§ **PROBLEM TO WORK ON**
After locating the line that holds "Logaritma-Çıkm", copy that line and all that follow it word for word through the end of the data, with no pictures.

:: INFORMATION SUPPLIED ::

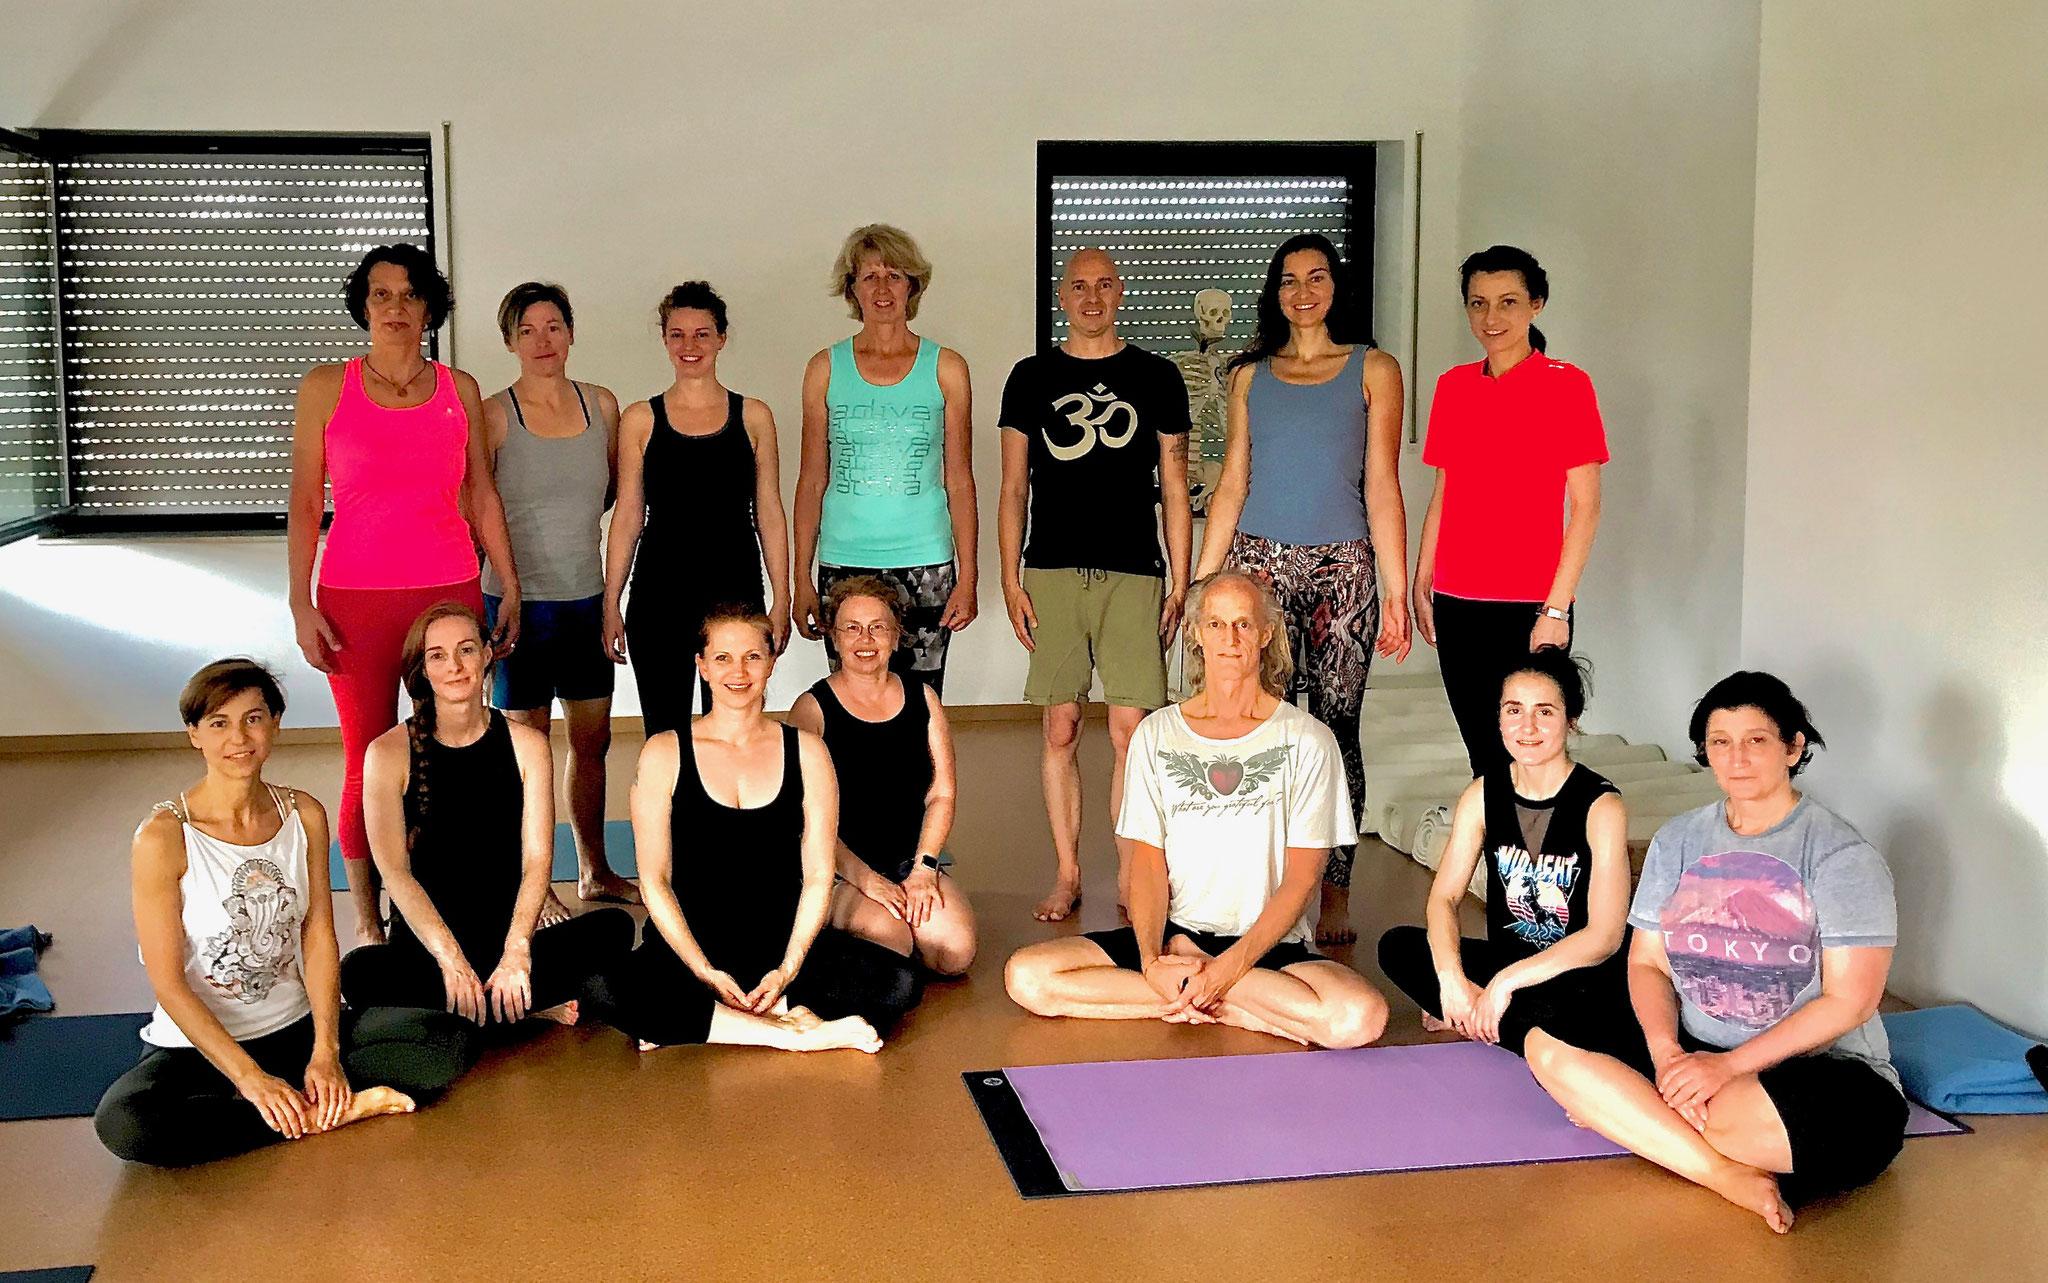 Chuck Miller bei Yamida - Yoga und Meditation in Lüdinghausen, Selm, Nordkirchen, Ascheberg, Cappenberg, Olfen, Senden
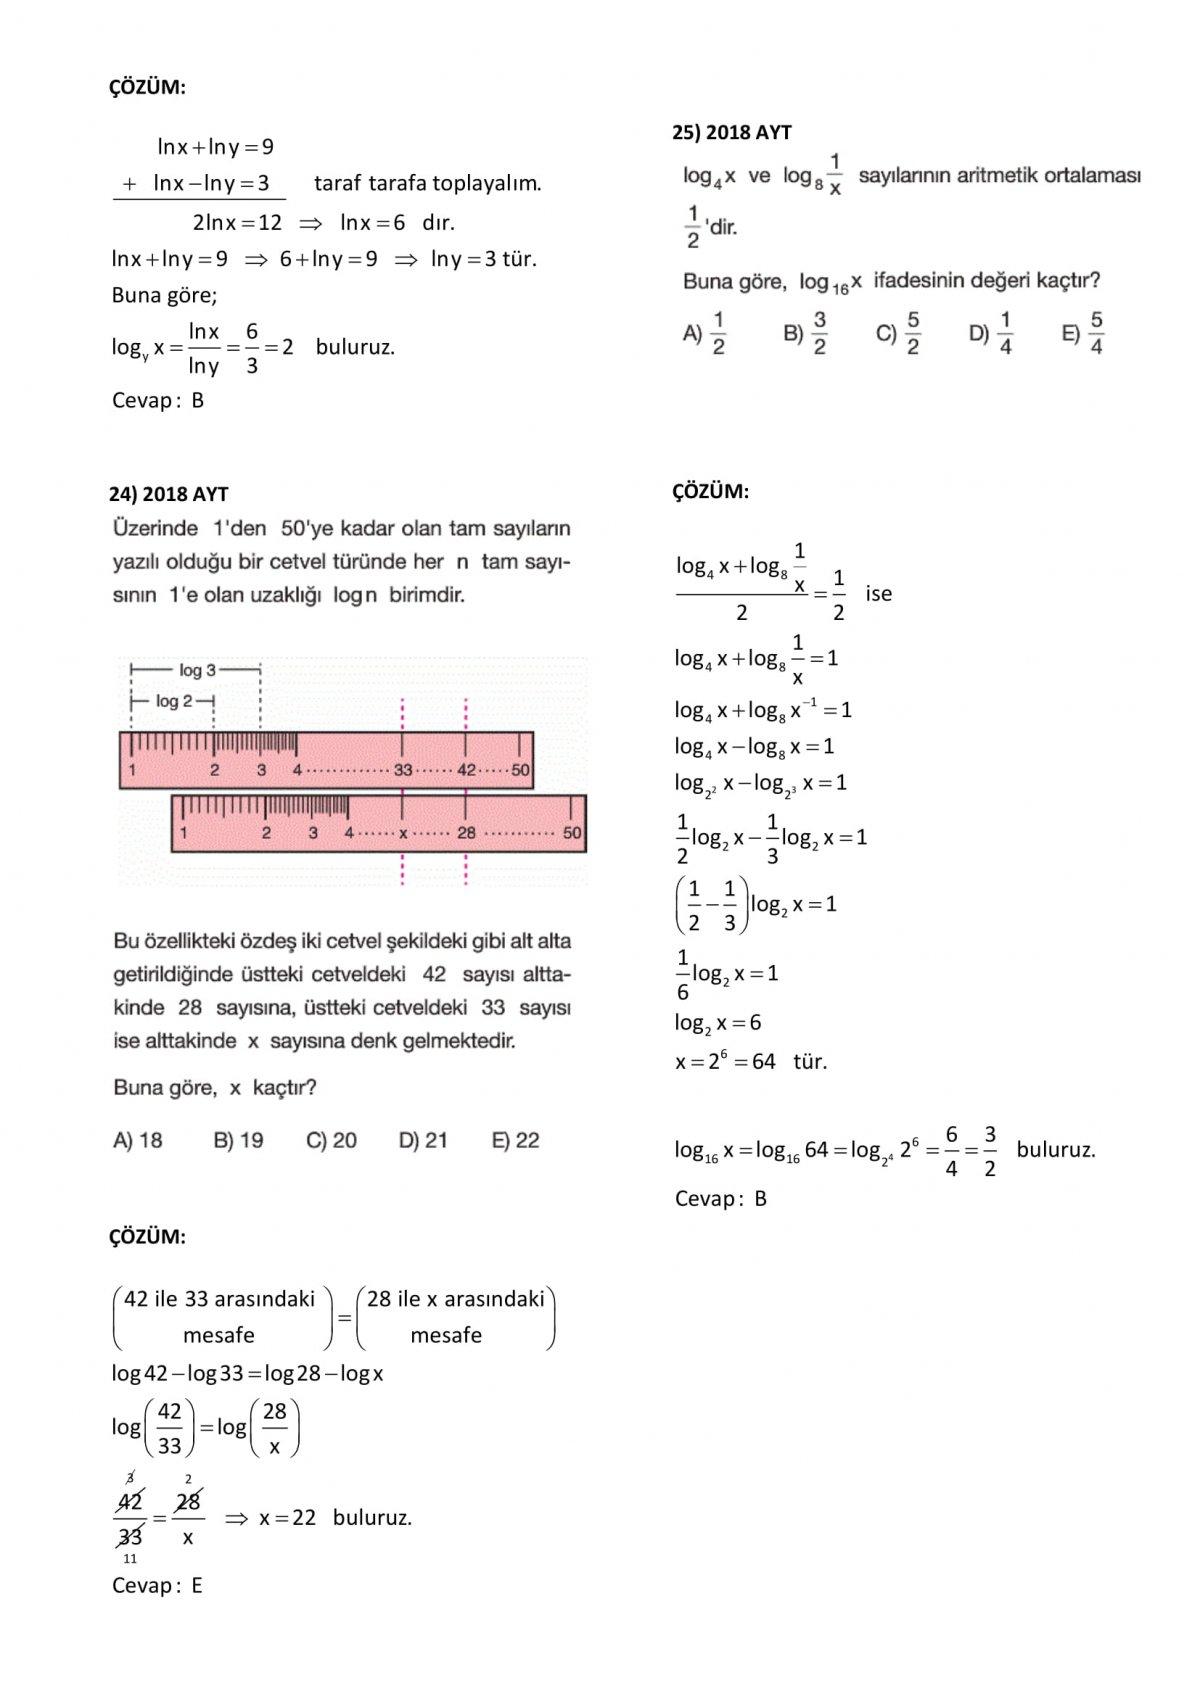 Logaritma-Çıkmış-Sorular-ve-Çözümleri-08.jpg
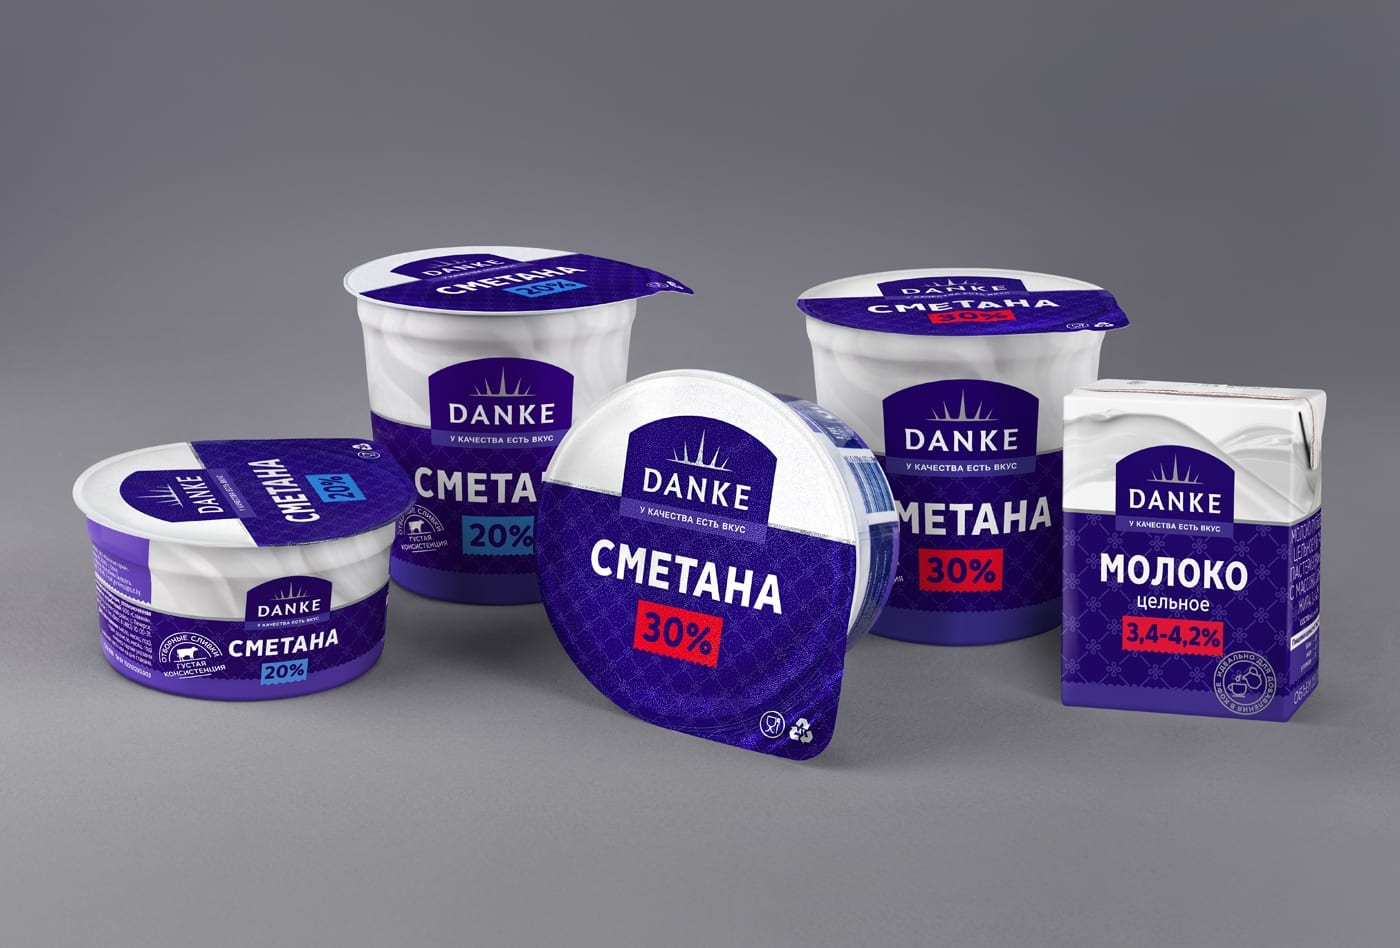 DANKE 2 - Ach, tie obaly – Danke Dairy mléčné výrobky

:::

§ **YOUR SOLUTION**
 Logaritma-Çıkmış-Sorular-ve-Çözümleri-08.jpg
 DANKE 2 - Ach, tie obaly – Danke Dairy mléčné výrobky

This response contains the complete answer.